DATA BELOW -
--

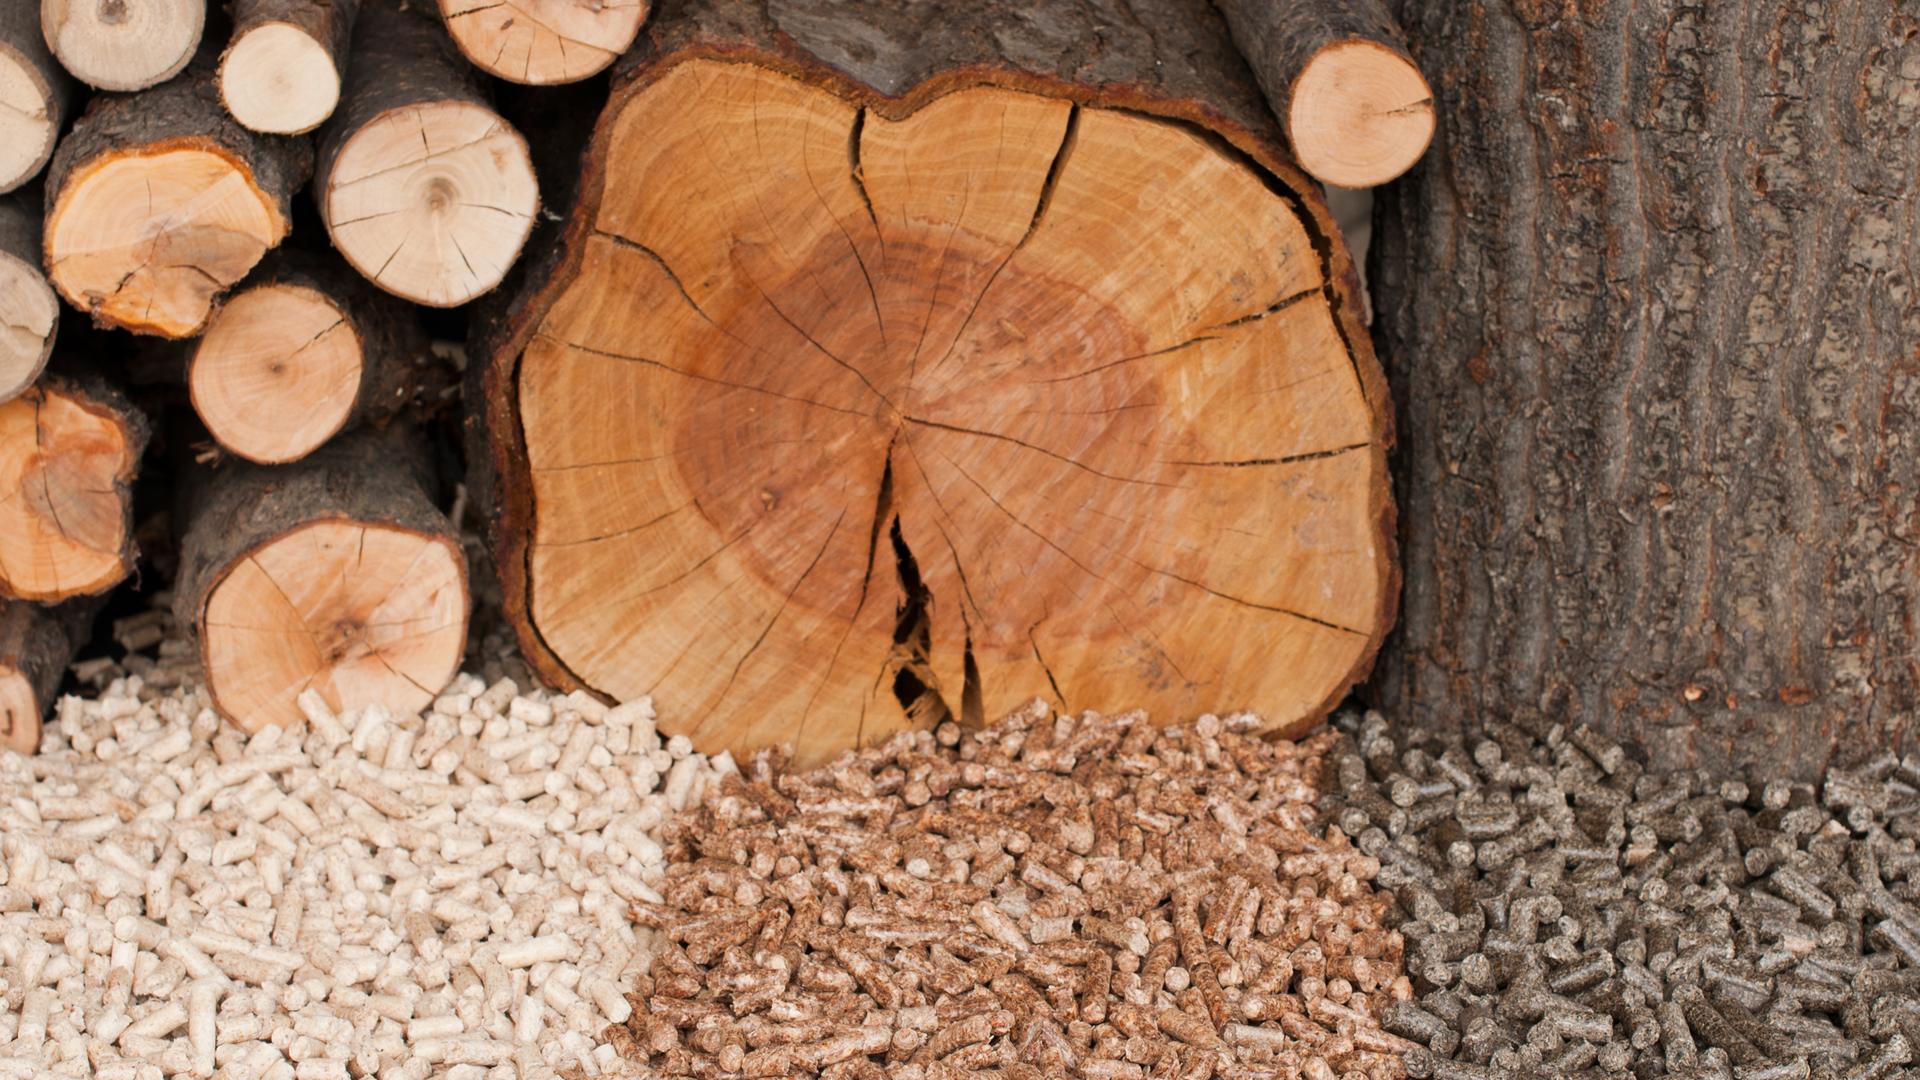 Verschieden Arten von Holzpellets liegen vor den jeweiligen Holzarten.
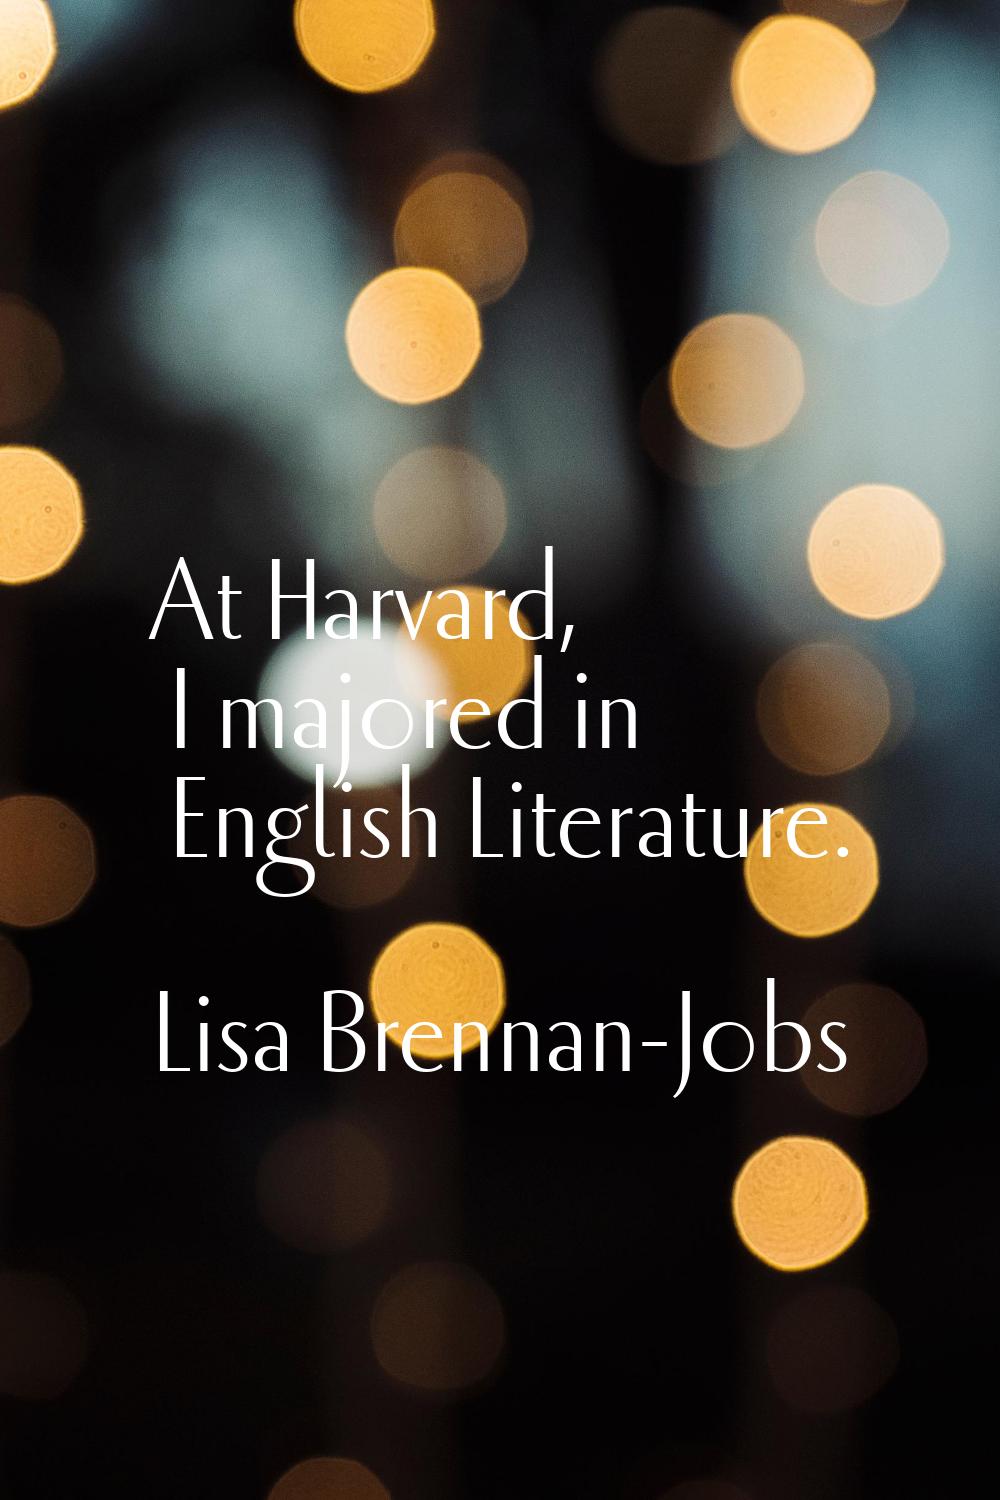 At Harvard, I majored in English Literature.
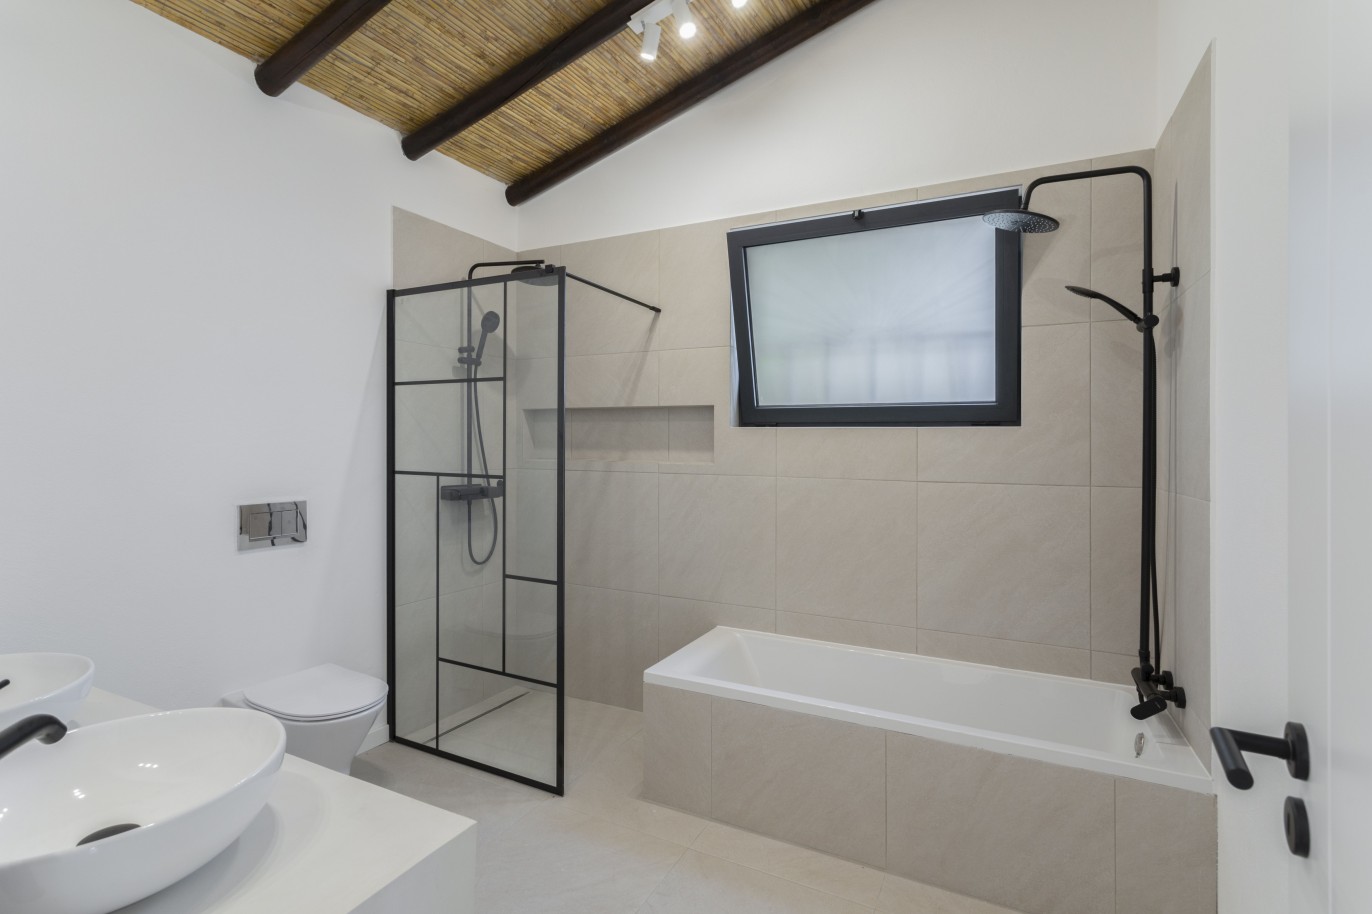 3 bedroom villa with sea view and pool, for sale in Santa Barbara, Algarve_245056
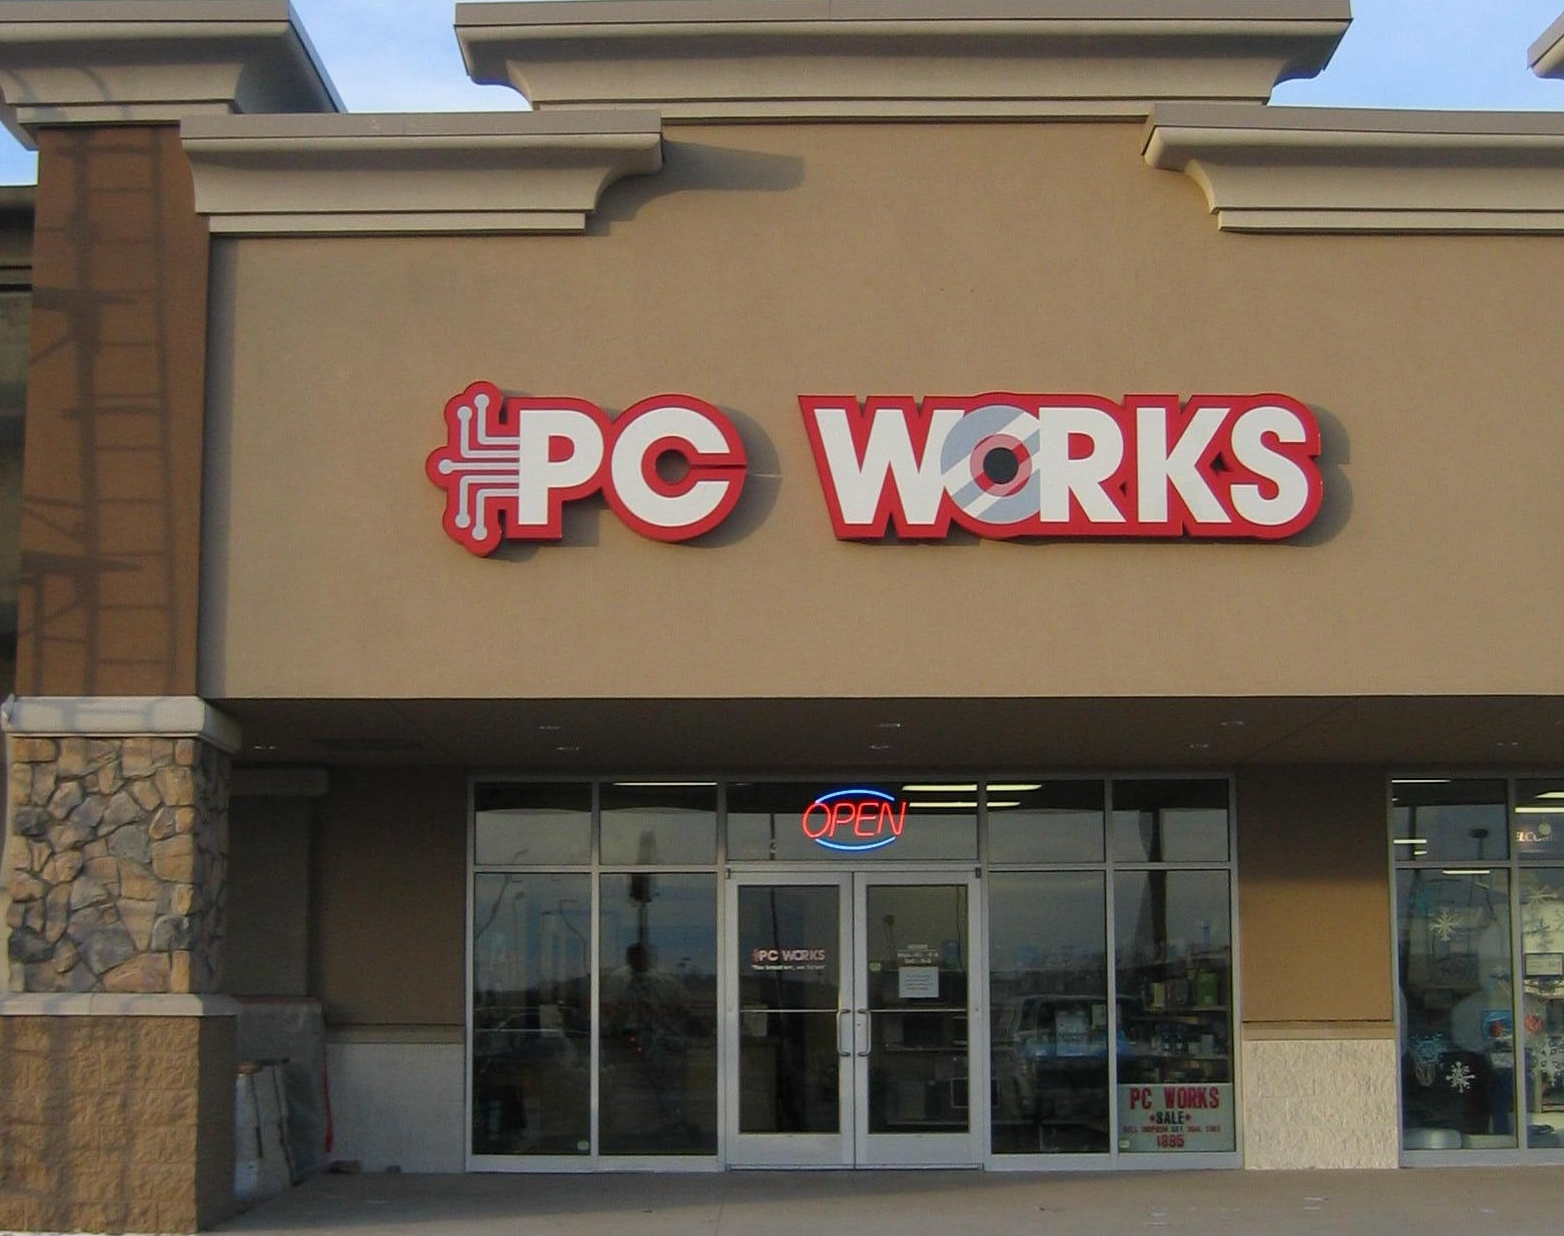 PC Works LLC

--

WORK INSTRUCTIONS -
Would you give again exactly the lines from the line containing "At Harvard, I majored in English Literature." through the end of the listing, both ends included, without any pictures?

SOLUTION TO THIS PROBLEM -
 At Harvard, I majored in English Literature.
 3 bedroom villa with sea view and pool, for sale in Santa Barbara, Algarve_245056
 PC Works LLC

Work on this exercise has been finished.